CUDA: Know your limits on global memory

I was coding away on an assignment when I ran into a conundrum: I was getting weird results when attempting to copy data onto the device. There would be instances when arrays copied onto the device would be accessible, yet inaccessible during another run.

The fact I'm coding CUDA kernels on OS X gives way to a dilemma: cuda-gdb is not available (yet) on OS X. I have to rely on old school debugging techniques ... a code walk through and print statements! After numerous tests and frustrations ... I figured out I was running into a problem with global memory:

marklagatuz$ /Developer/GPU\ Computing/C/bin/darwin/release/deviceQuery

Device 0: "GeForce 9400M"
Total amount of global memory: 265945088 bytes

The above reads approximately 265MB of global memory. I had 4 arrays consisting of 67MB each being copied onto the device. I was clearly running into memory issues. This would explain why each time a different array would cause problems.

Lesson learned: Check your device(s) limitations before coding away! Then again ... you should be doing that anyways!

Tuesday, June 15, 2010

Learned Something New (or actually a review of something old)!

Since I'm forcing myself to think in terms of OO (Object Orientation), I forgot that computers are still 1 and 0's! As I'm reading code to understand design patterns, algorithms, and methods others folks are using, I came across something I've never used before (at least in my own code): shift operators.

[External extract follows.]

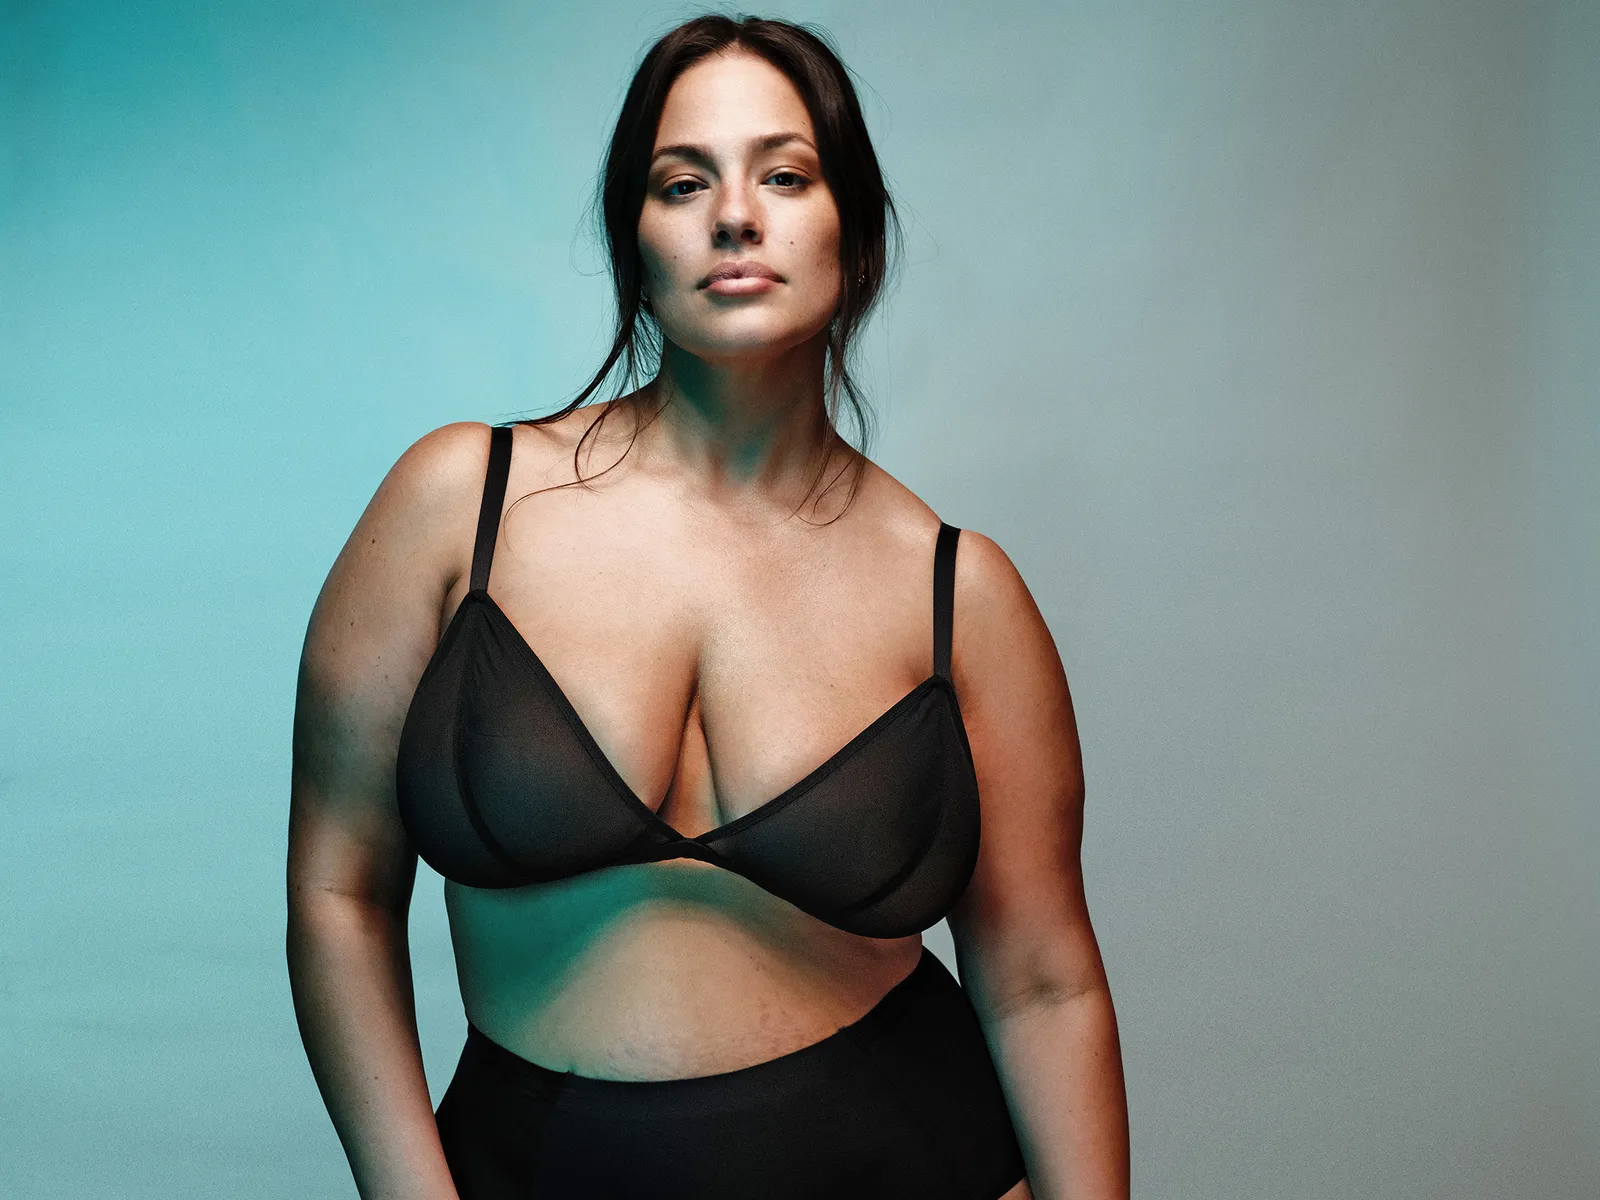 The most famous plus-size model Ashley Graham showed a new collection of spectacular underwear, which she made herself

I've always thought of the chevrons as output redirection in scripting or in C++. I've forgotten they actually shift the bits either to the left or right:

(1 << 24) == 0001 1111 1111 1111 1111 1111 1111

CUDA + THRUST + Eclipse

Quickstart

Assumptions: A working CUDA environment (I'm using OS X for this example).

nvcc --version --> should display CUDA Version, built date, and version of tools installed.
./deviceQuery from /Developer/GPU Computing/C/bin/darwin/release (for OS X) should produce output for your device

1. Download the current library from the Thrust Project (currently 1.3.0) - http://code.google.com/p/thrust/downloads/list

2. Select a location and unzip the thrust library. You can unzip the library into the default cuda include location (/usr/local/cuda/include). I prefer to unzip the library in my home directory, (specifically the Downloads directory) but it's up to the user!

unzip thrust-v1.3.0.zip

This will create a directory called thrust

3. Add the libraries within your project in Eclipse

Project Name --> Properties
C/C++ Build --> Settings
CUDA NVCC Compiler --> Includes
Add (On the same line as Include Paths - green + button)

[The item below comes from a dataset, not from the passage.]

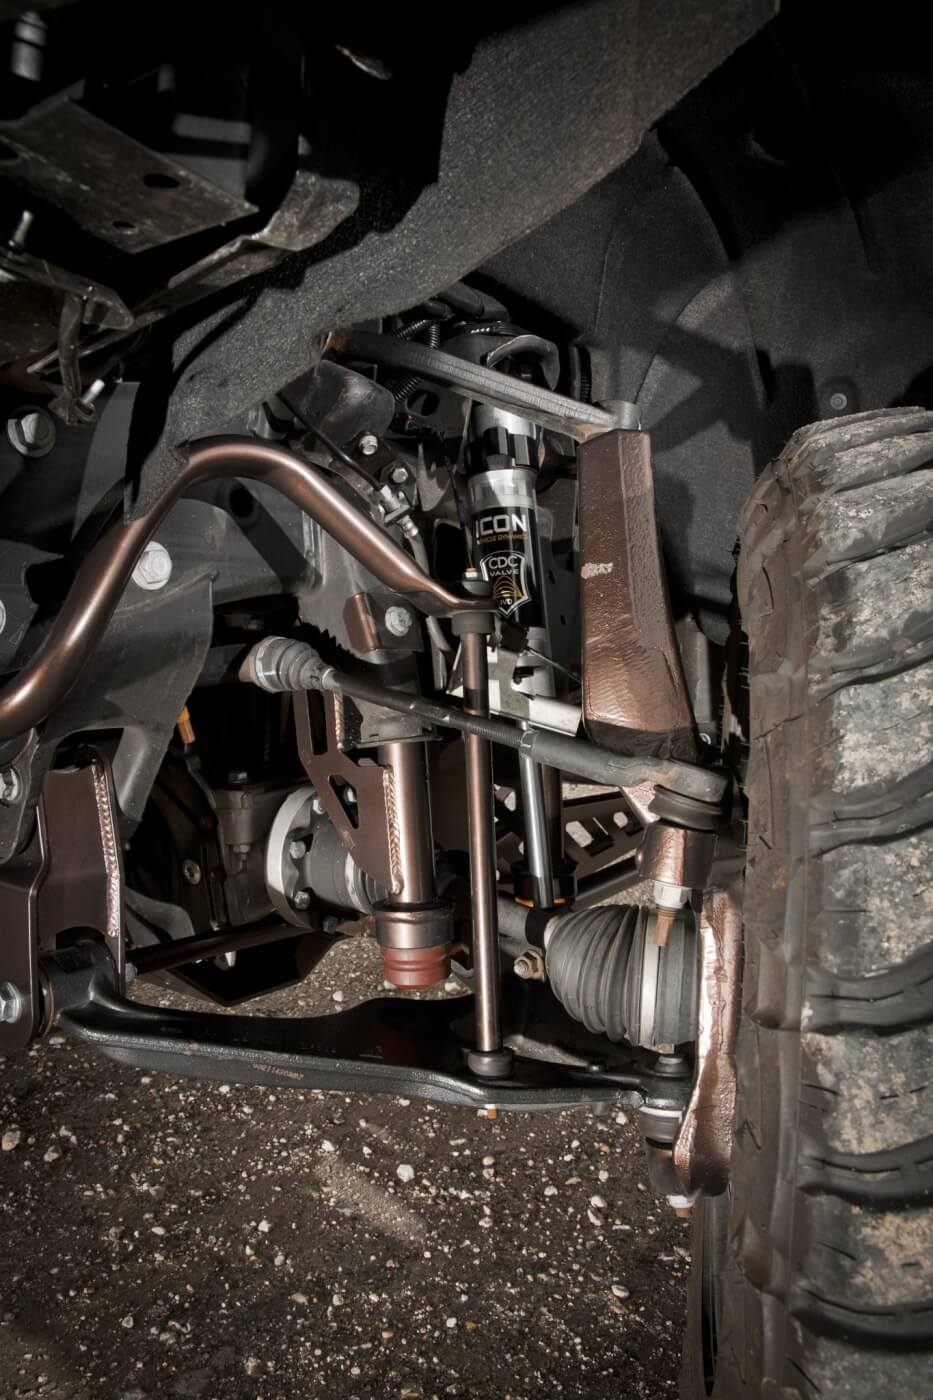 The McGaughys suspension kit is virtually a bolt-on system, No cutting or grinding of the front or rear differential is required, and only a few new holes are drilled. Here you see part of the front suspension. Notice the A-arm lowering bolts, new bump stop extensions, new steering knuckles (spindles) and Icon shocks. All are powder coated to match the body color.

I originally added /Users/marklagatuz/Downloads/thrust, but was receiving the following

errors: error: thrust/host_vector.h: No such file or directory

The code compiled after removing /thrust from the -I on the command line (absolute path up to the thrust library).

--

References:

1. Thrust QuickStartGuide

http://code.google.com/p/thrust/wiki/QuickStartGuide

Thursday, June 10, 2010

CUDA Quick Tips, Reference, and Cheat Sheets

Here are some quick tips and references I strung together while I'm learning CUDA

A. Size of a Grid:

gridDim.x (1Dimensional)
gridDim.x (2Dimensional, assuming a N x N Grid)

B. Size of a Block:

blockDim.x (1Dimensional)
blockDim.x (2Dimensional, assuming a N x N Block)

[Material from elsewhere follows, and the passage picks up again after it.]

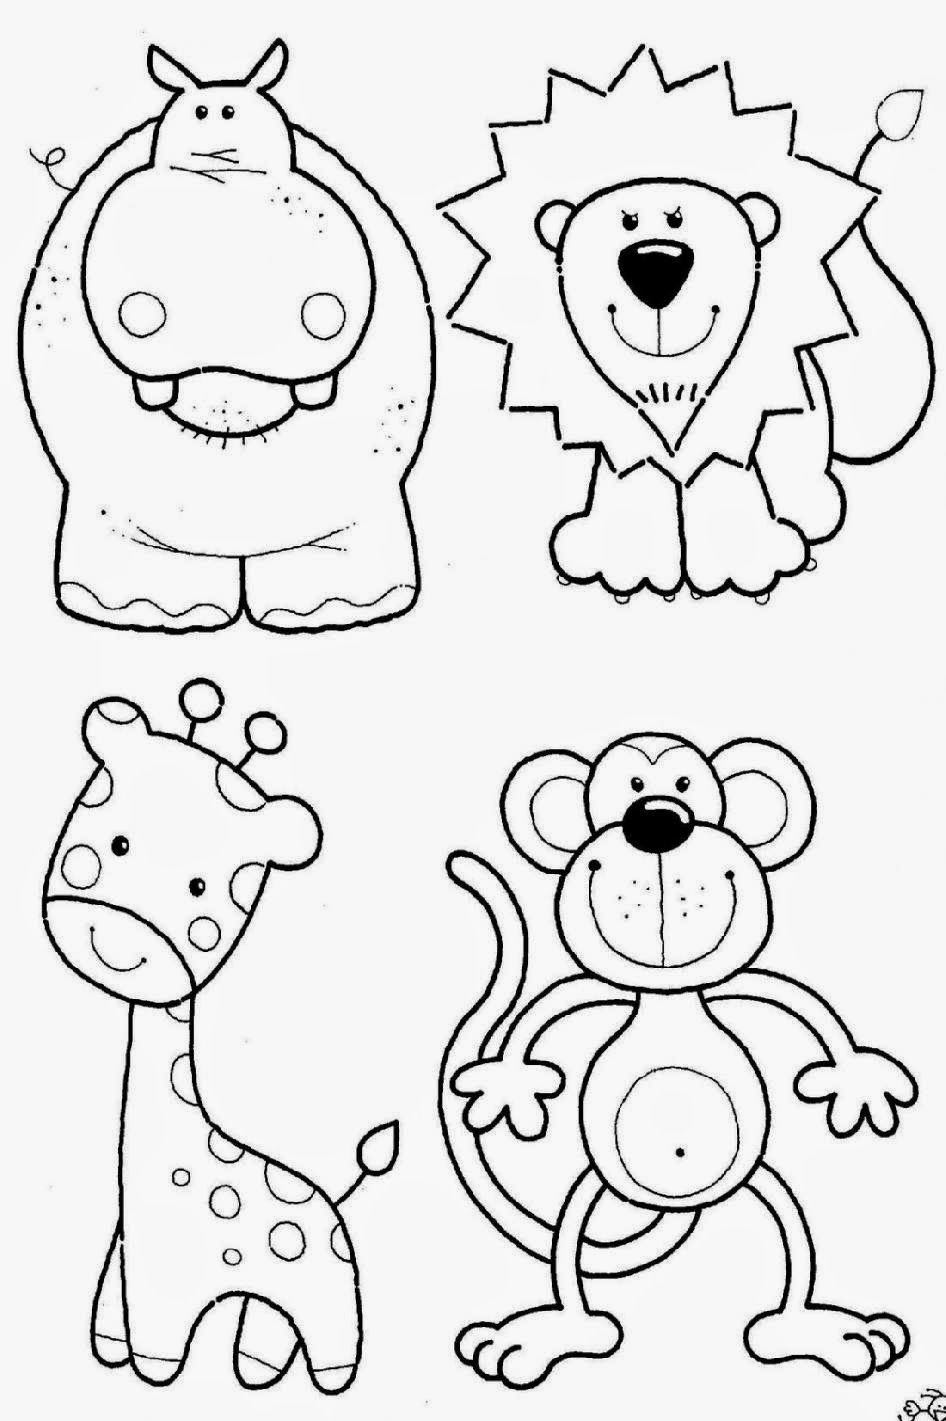 Coloring Pages For Kids | Free Coloring Pictures

C. Thread Local Index within its block (assuming a 1Dimensional Block):

threadIdx.x

D. Block Local Index

blockIdx.x (1Dimensional)
blockIdx.x (2Dimensional) --> Current Column Index (Length) of a N x N Block
blockIdx.y (2Dimensional) --> Current Row Index (Height) of a N x N Block

E. Thread Global Index across the entire grid (assuming a 1 Dimensional Grid):

(blockDim.x * blockIdx.x) + threadIdx.x

F. Thread Local Index within its block (assuming a 2Dimensional Block):

F-1.Obtain current column index (assuming you have a N x N Block):

(blockIdx.x * blockDimx.x) + threadIdx.x

F-2. Obtain current row index (assuming you have a N x N Block):

(blockIdx.y * blockDimx.x) + threadIdx.y

Since you have a N x N Block, the Length and Height are the same.

Quick Example

N = 1024. You have to process N x N elements (1024 x 1024). You could decompose the grid as so: You could set the blockSize to 64. Then gridSize = numElements / blockSize --> gridSize = 1024 / 64 = 16. Maybe not the most efficient way, but since it's only an example it will do!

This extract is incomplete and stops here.